■ The task
Your copy should match the listing below exactly, except that it holds no images.
Dataset section: Begin
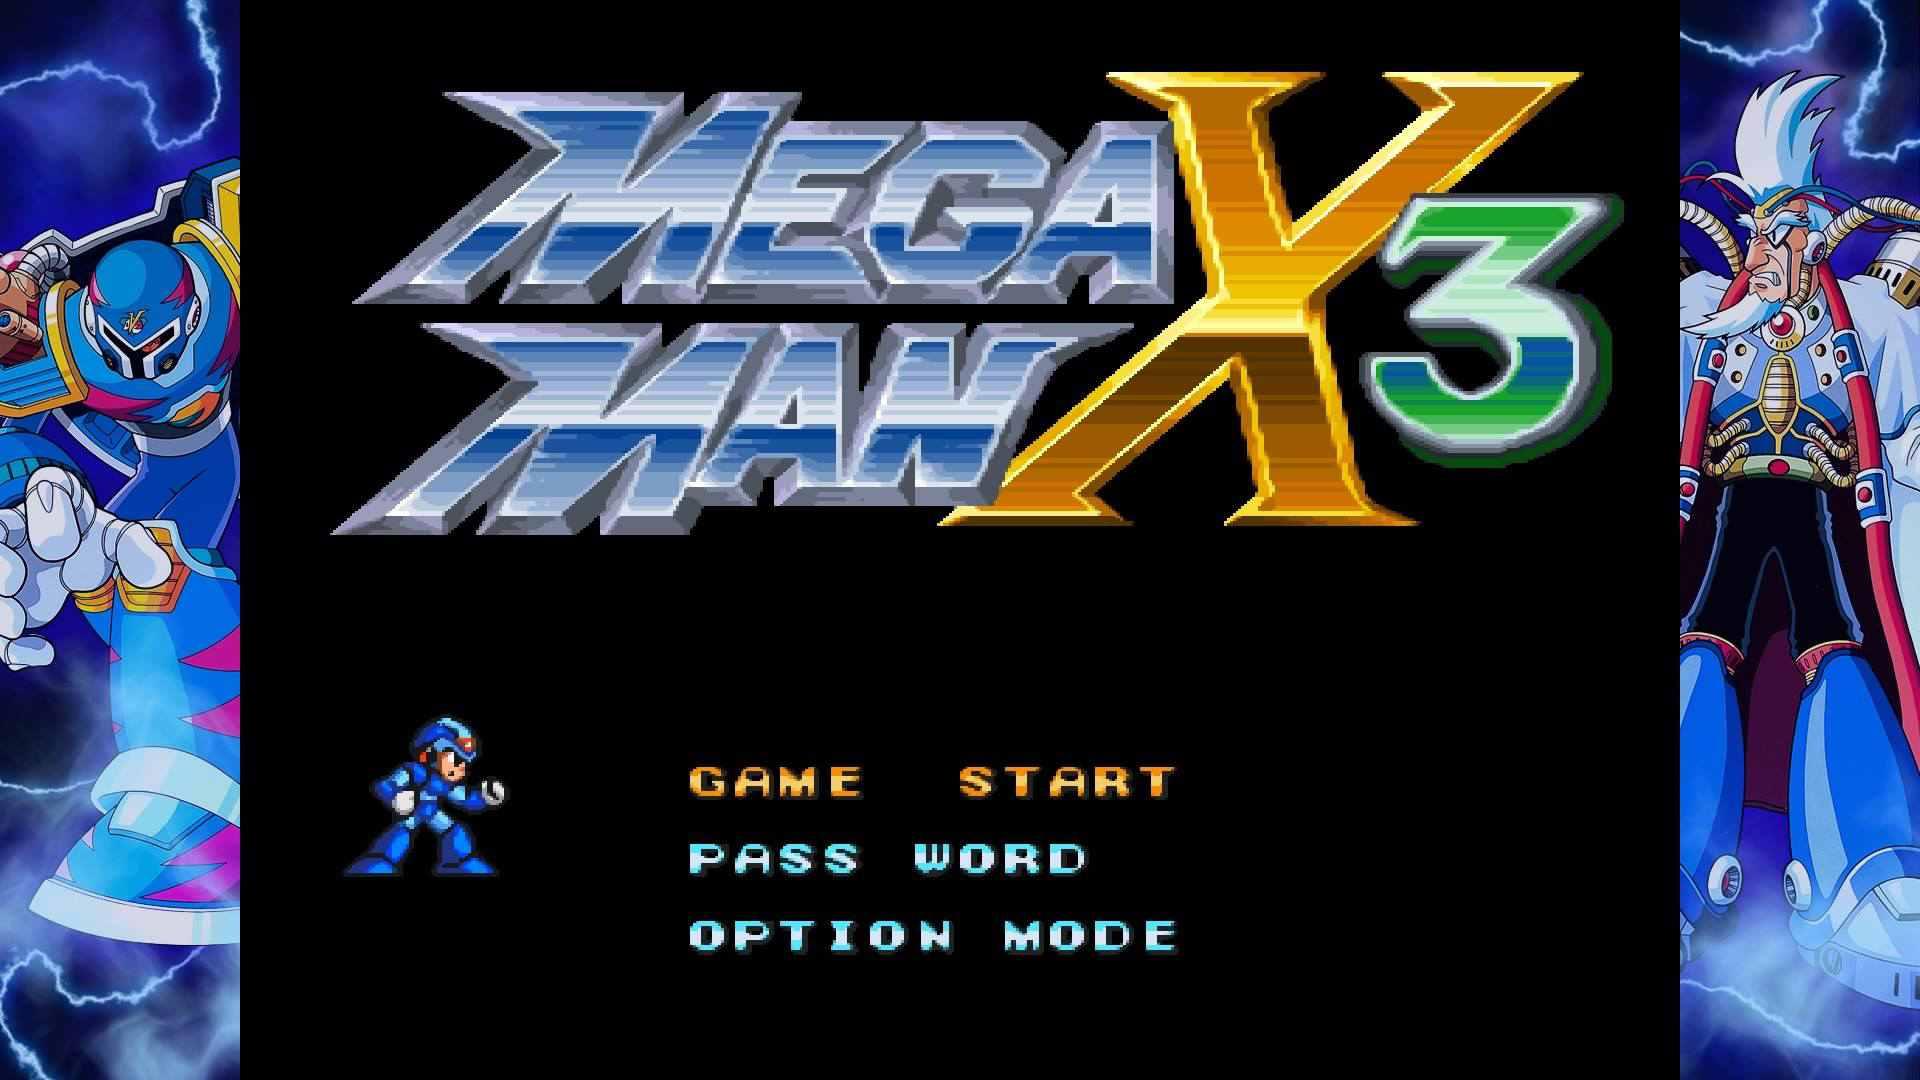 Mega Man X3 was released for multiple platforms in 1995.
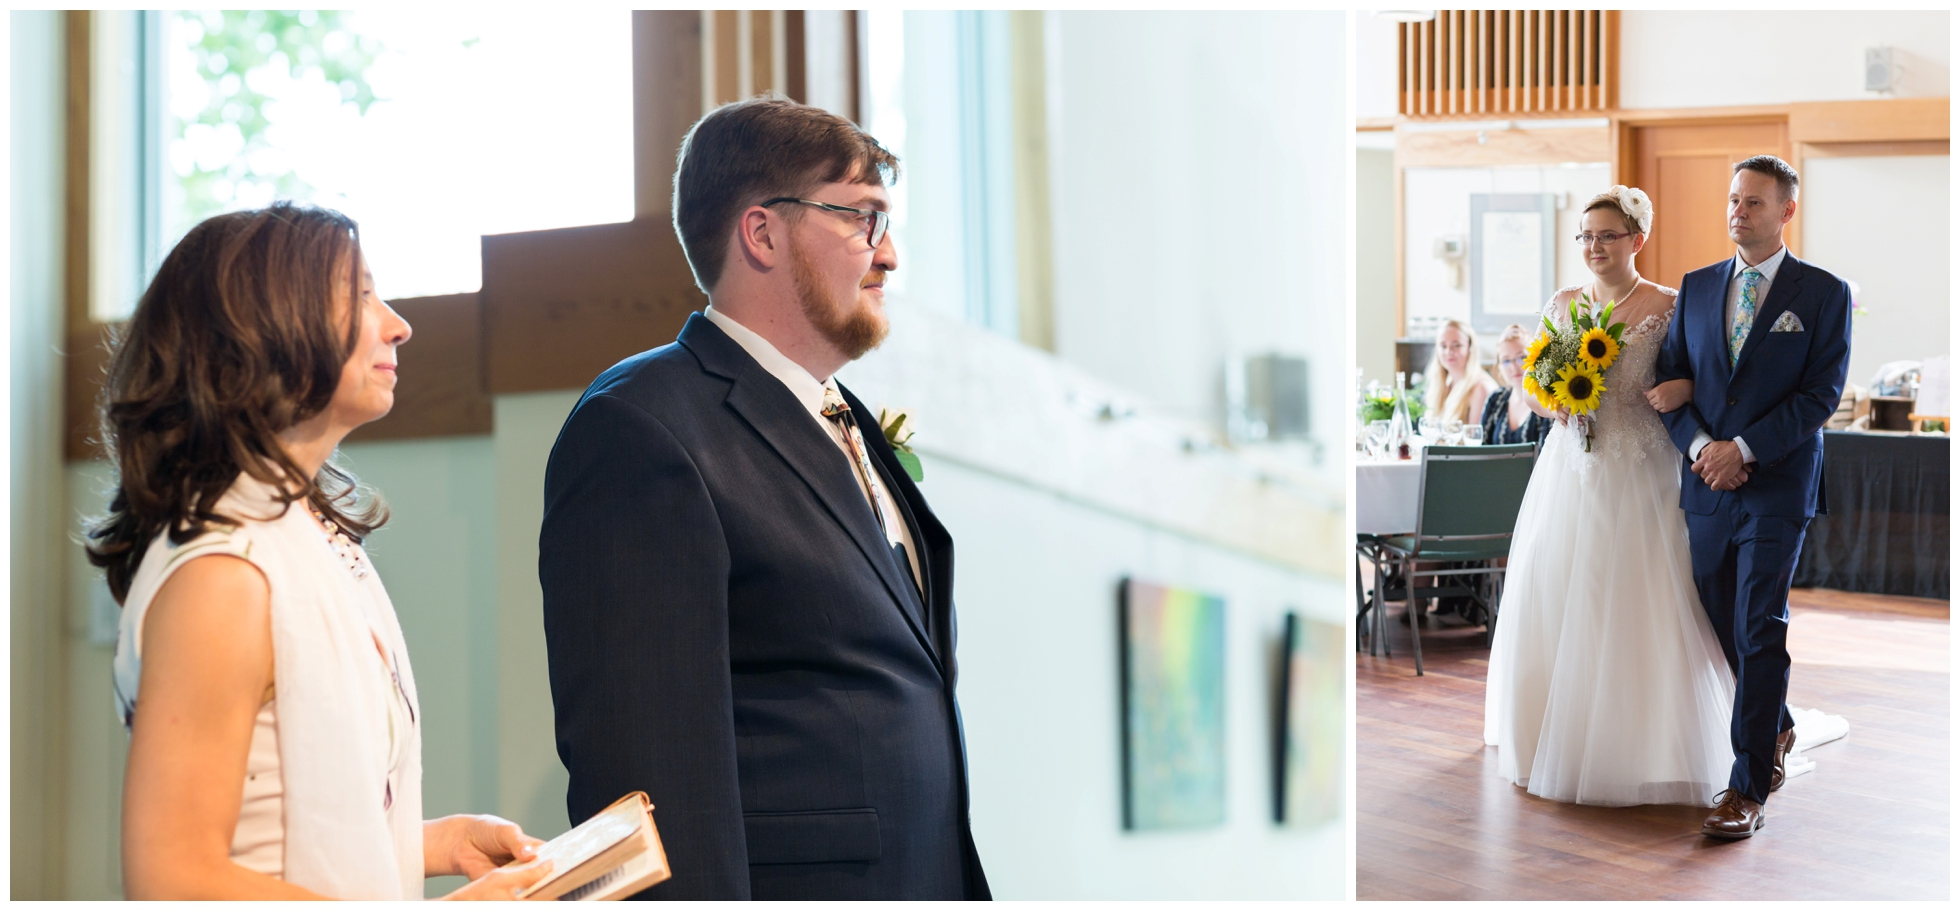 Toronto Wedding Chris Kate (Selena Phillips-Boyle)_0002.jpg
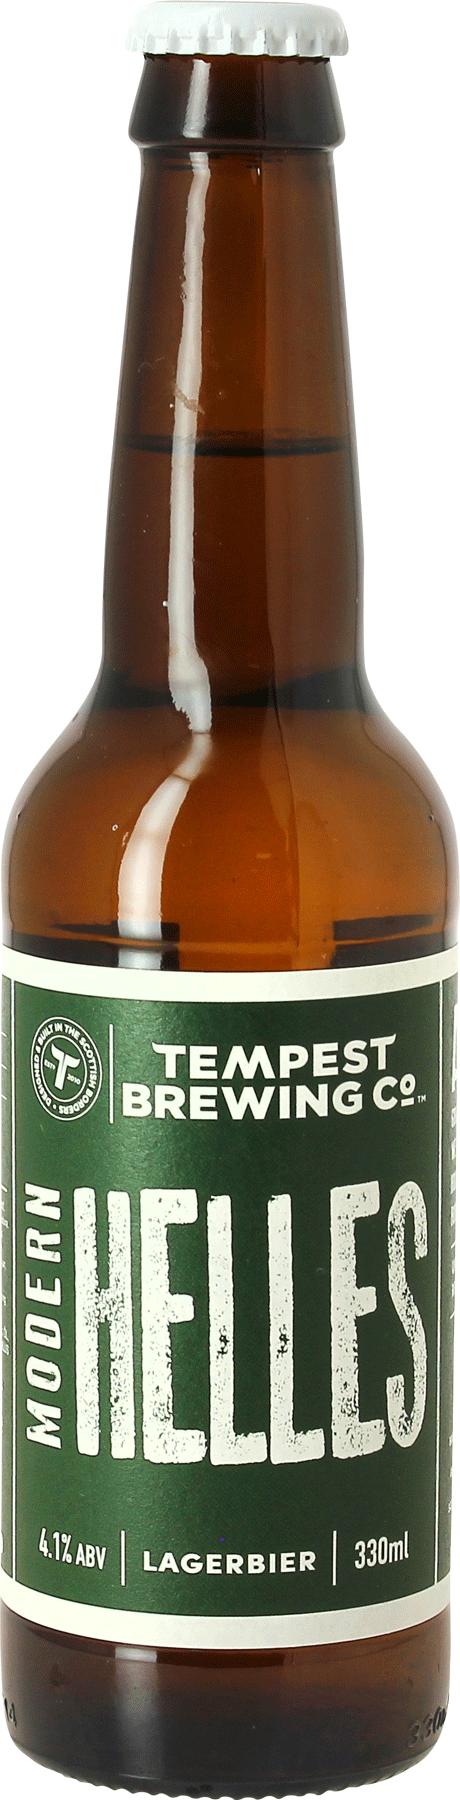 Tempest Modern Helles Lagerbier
Dataset section: End
■ The completed task
 Mega Man X3 was released for multiple platforms in 1995.
 Toronto Wedding Chris Kate (Selena Phillips-Boyle)_0002.jpg
 Tempest Modern Helles Lagerbier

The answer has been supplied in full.